== Data ==

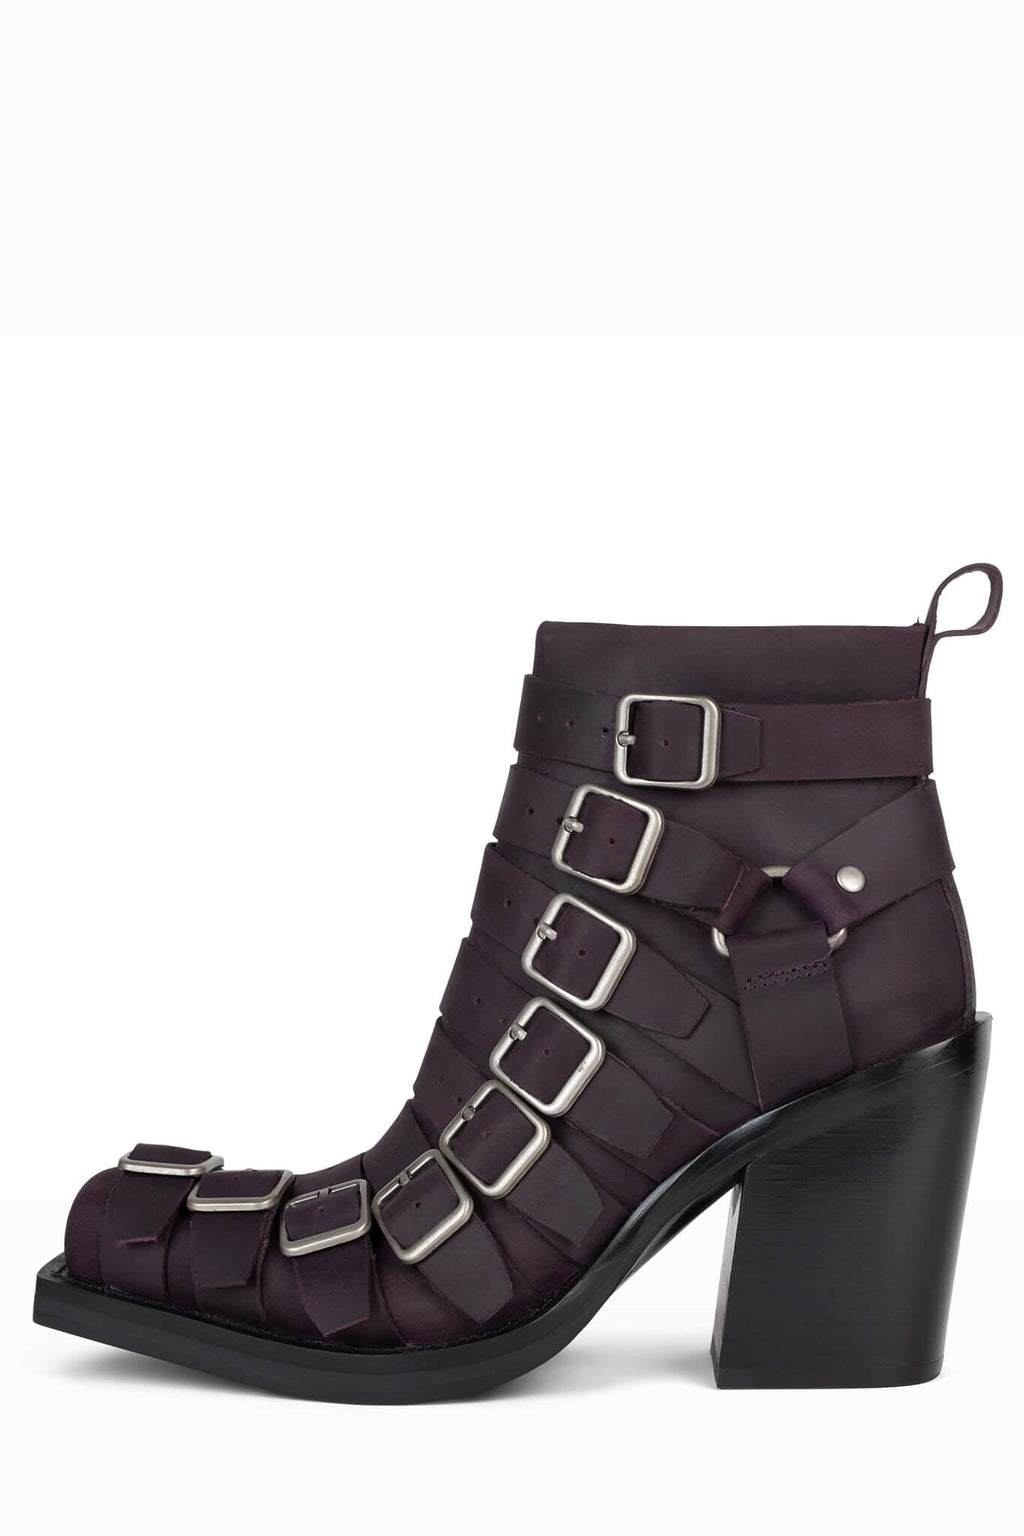 MYSTER-B Ankle boot ST Purple Crazy Horse Silver 6 
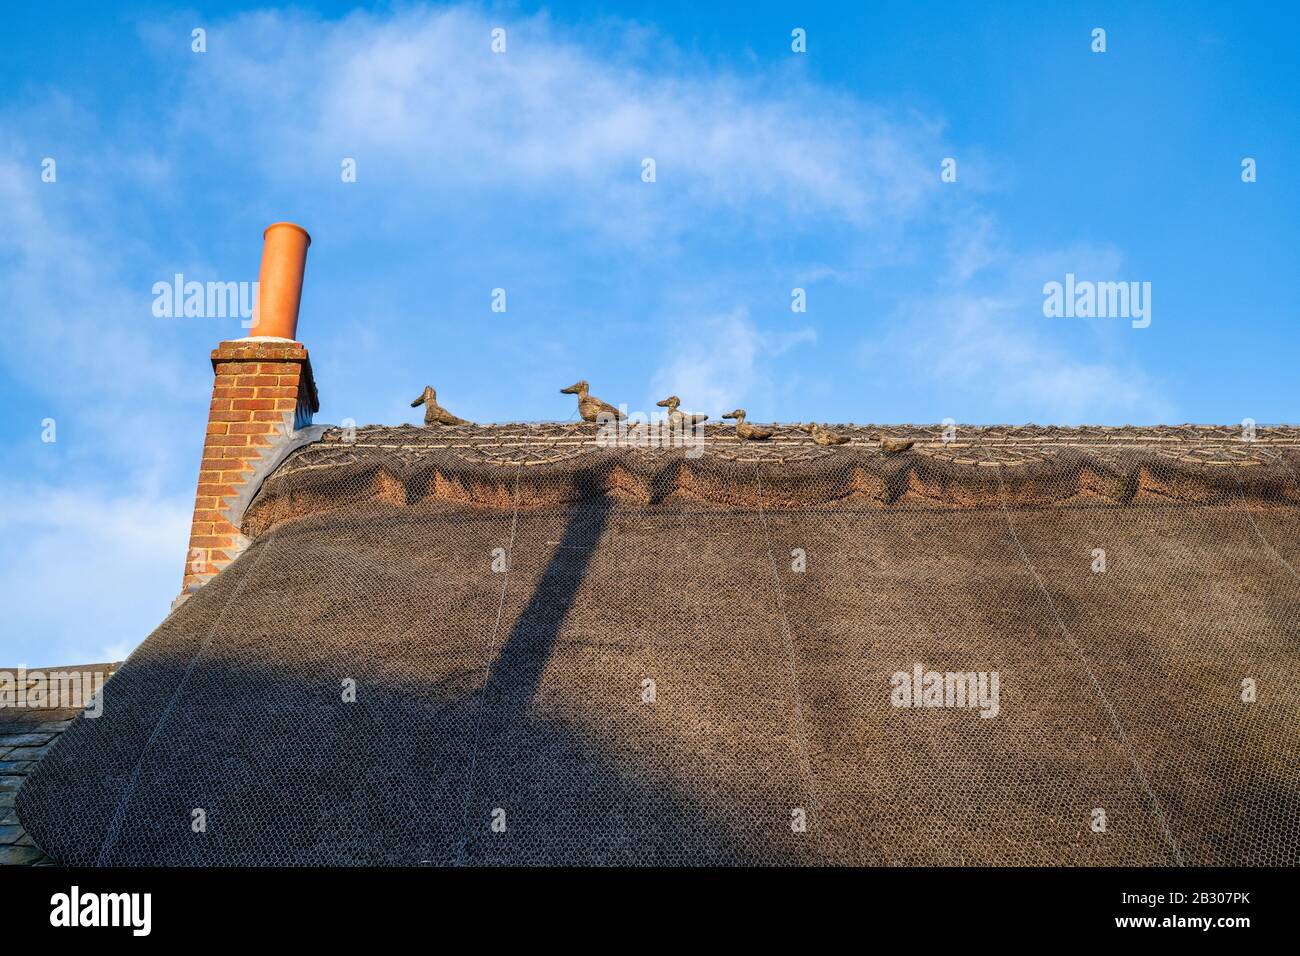 Thatch duck family on top of a thatched cottage roof in winter sunlight. Bledington, Cotswolds, Gloucestershire, England Stock Photo
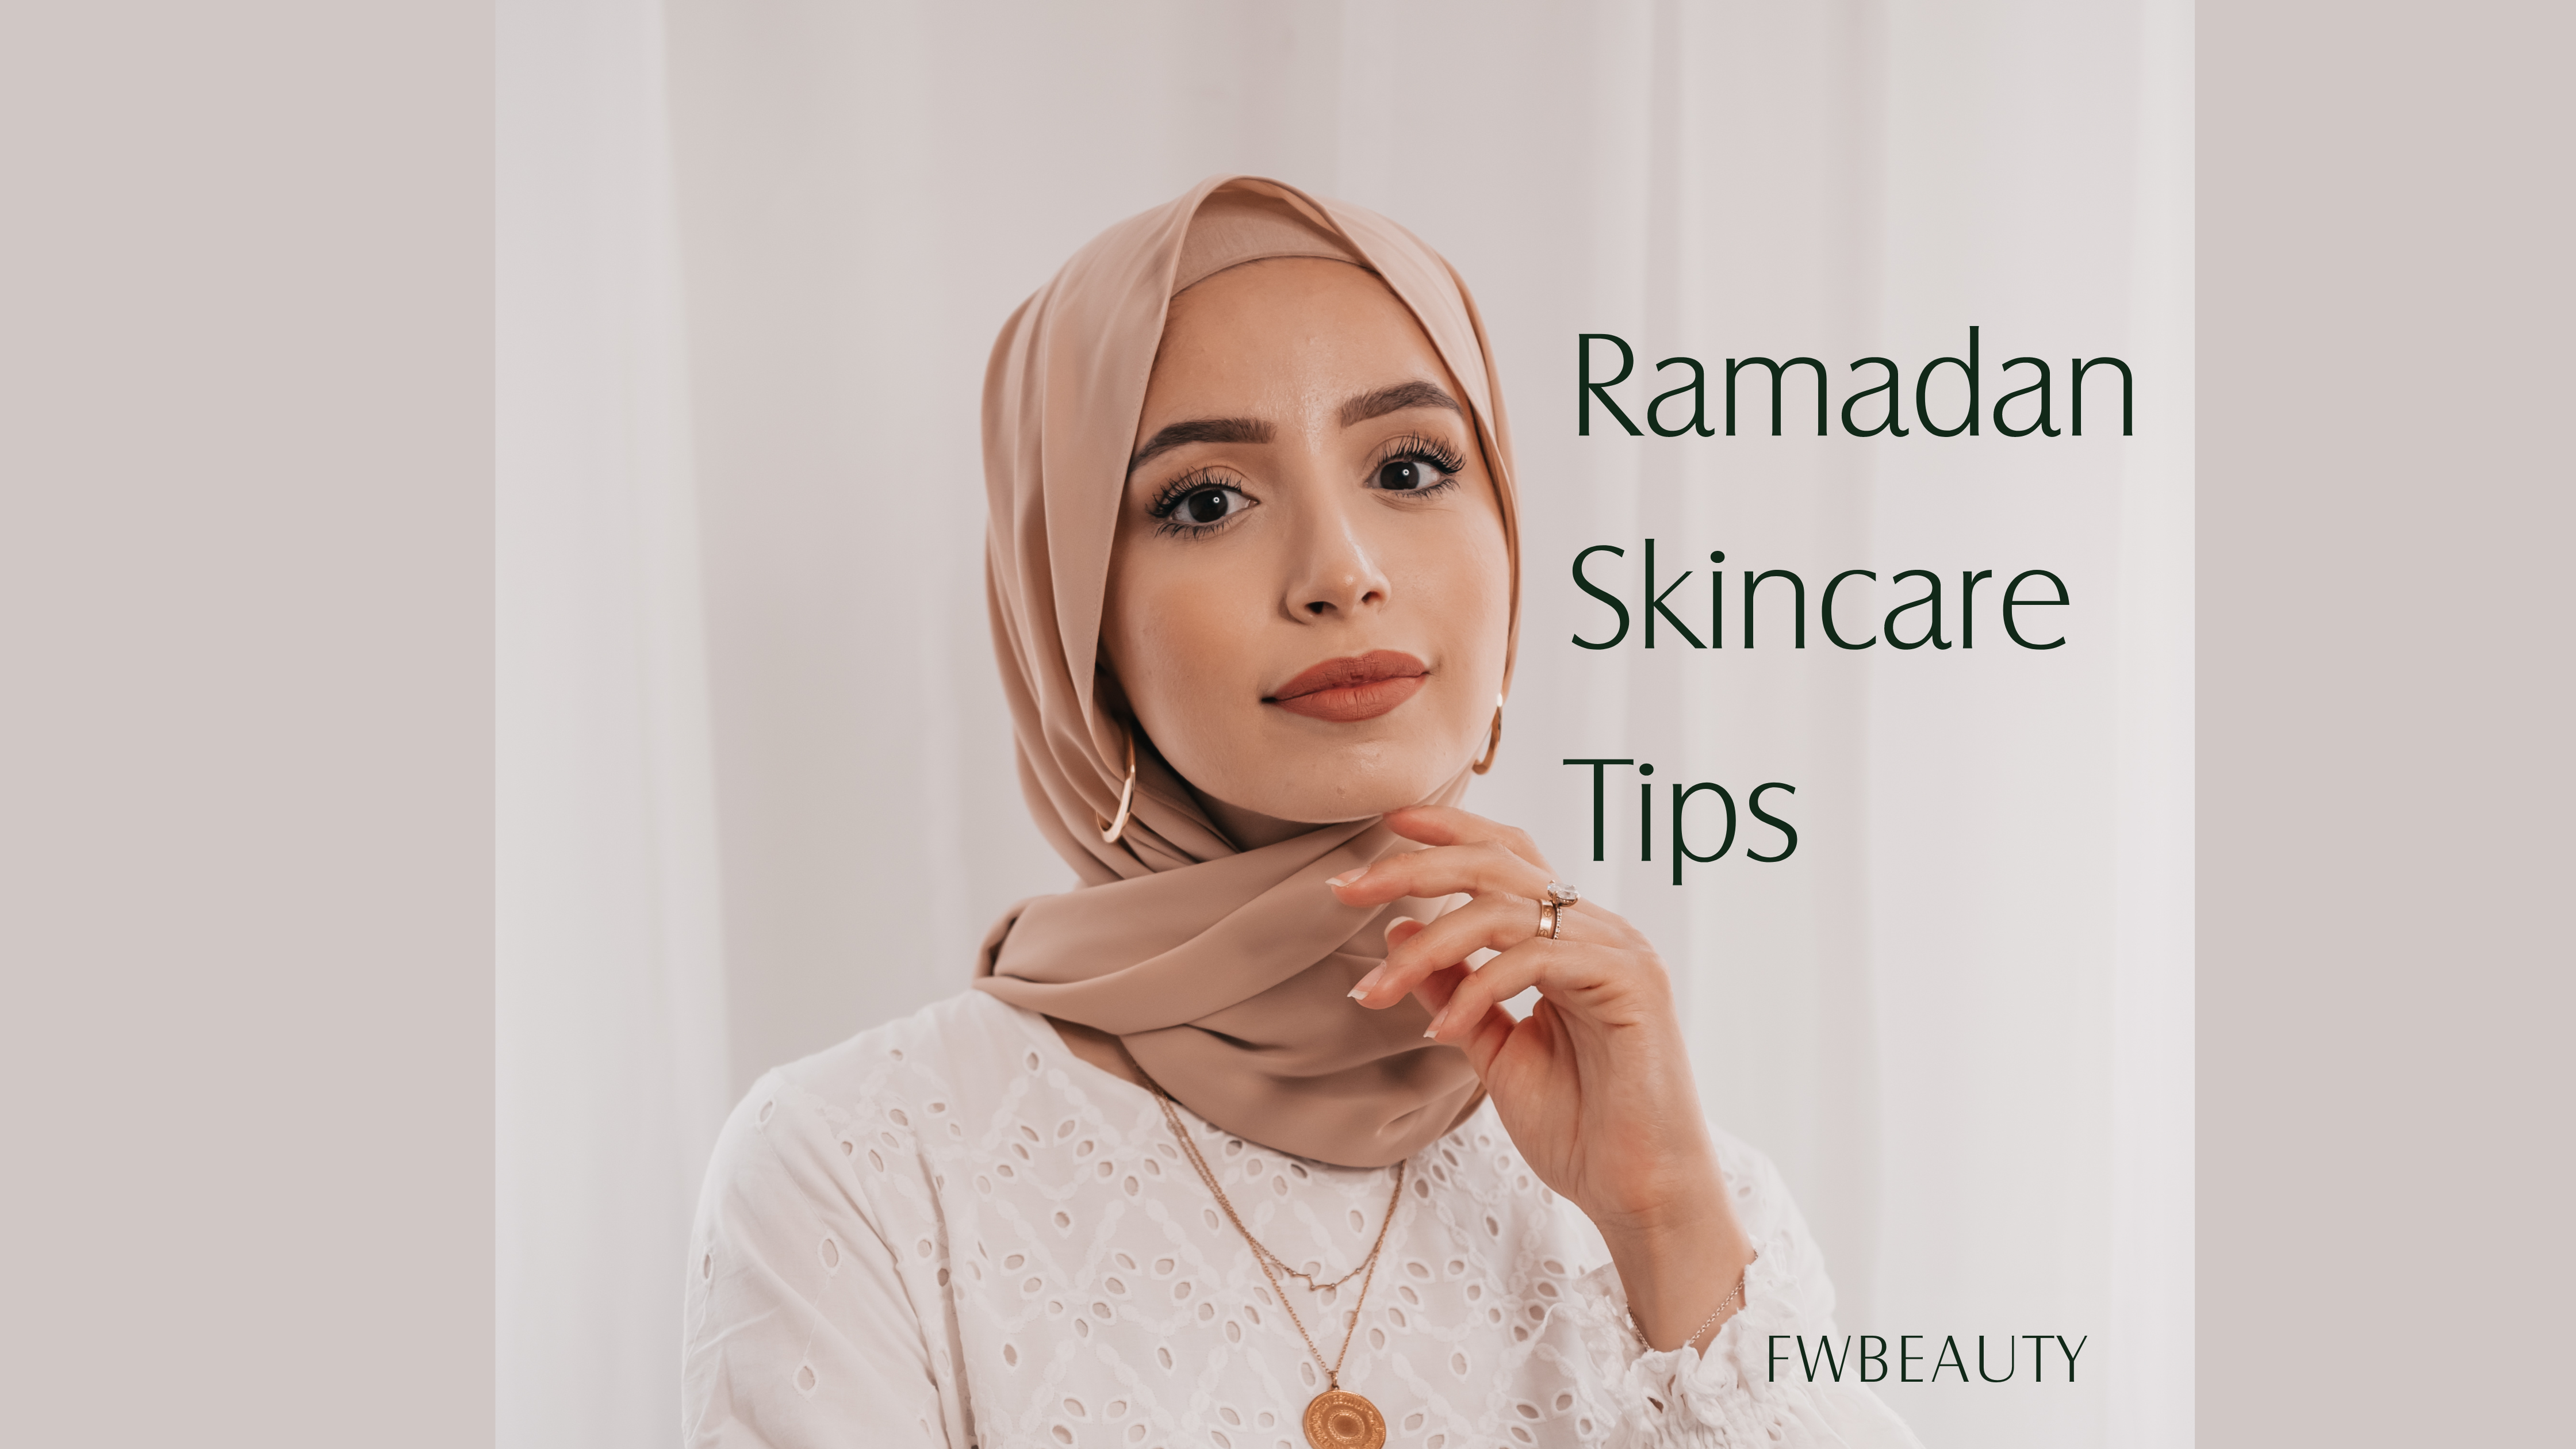 Ramadan Skincare Tips: How to Keep Your Skin Hydrated and Moisturized While Fasting

== Work to be completed ==
Every line of the listing is to be retyped exactly; pictures stay out.

== Result ==
 MYSTER-B Ankle boot ST Purple Crazy Horse Silver 6 
 Thatch duck family on top of a thatched cottage roof in winter sunlight. Bledington, Cotswolds, Gloucestershire, England Stock Photo
 Ramadan Skincare Tips: How to Keep Your Skin Hydrated and Moisturized While Fasting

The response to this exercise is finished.